• Work instruction: Search the data for "Jura". Return each matching line.

• Supplied records:

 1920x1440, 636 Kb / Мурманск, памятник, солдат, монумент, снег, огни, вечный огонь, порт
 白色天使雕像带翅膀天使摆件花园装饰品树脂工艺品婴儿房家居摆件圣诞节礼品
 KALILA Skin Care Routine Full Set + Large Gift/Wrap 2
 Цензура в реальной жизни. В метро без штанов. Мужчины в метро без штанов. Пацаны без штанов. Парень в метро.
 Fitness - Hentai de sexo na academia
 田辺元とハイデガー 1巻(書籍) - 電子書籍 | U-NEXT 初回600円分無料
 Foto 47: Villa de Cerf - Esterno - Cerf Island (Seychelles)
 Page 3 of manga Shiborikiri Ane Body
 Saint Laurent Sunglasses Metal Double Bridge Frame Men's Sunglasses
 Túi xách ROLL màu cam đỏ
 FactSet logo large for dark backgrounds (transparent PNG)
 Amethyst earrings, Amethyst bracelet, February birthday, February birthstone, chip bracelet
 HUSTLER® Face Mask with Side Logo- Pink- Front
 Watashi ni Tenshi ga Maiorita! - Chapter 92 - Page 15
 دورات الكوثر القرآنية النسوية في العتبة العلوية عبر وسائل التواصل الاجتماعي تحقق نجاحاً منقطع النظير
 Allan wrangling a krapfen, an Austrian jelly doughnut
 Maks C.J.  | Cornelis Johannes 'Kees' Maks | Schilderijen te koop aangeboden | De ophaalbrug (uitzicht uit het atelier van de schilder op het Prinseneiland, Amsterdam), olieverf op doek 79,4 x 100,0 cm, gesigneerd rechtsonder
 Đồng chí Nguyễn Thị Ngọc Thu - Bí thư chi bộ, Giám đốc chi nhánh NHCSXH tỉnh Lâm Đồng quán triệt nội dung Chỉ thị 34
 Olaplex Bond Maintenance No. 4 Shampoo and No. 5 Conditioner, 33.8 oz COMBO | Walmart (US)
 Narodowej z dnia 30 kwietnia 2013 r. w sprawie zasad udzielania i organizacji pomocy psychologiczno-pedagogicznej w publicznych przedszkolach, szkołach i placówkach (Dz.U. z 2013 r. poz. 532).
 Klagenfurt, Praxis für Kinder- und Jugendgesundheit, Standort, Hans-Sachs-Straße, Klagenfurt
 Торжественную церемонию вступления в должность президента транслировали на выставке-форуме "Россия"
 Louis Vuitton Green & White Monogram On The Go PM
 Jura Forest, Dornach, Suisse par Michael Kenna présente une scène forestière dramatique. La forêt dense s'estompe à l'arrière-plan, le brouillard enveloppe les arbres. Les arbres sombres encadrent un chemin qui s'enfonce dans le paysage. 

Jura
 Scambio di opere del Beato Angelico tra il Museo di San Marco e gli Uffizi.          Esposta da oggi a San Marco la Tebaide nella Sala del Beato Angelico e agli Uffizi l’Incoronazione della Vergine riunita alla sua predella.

• Your solution:
 Jura Forest, Dornach, Suisse par Michael Kenna présente une scène forestière dramatique. La forêt dense s'estompe à l'arrière-plan, le brouillard enveloppe les arbres. Les arbres sombres encadrent un chemin qui s'enfonce dans le paysage. 
Jura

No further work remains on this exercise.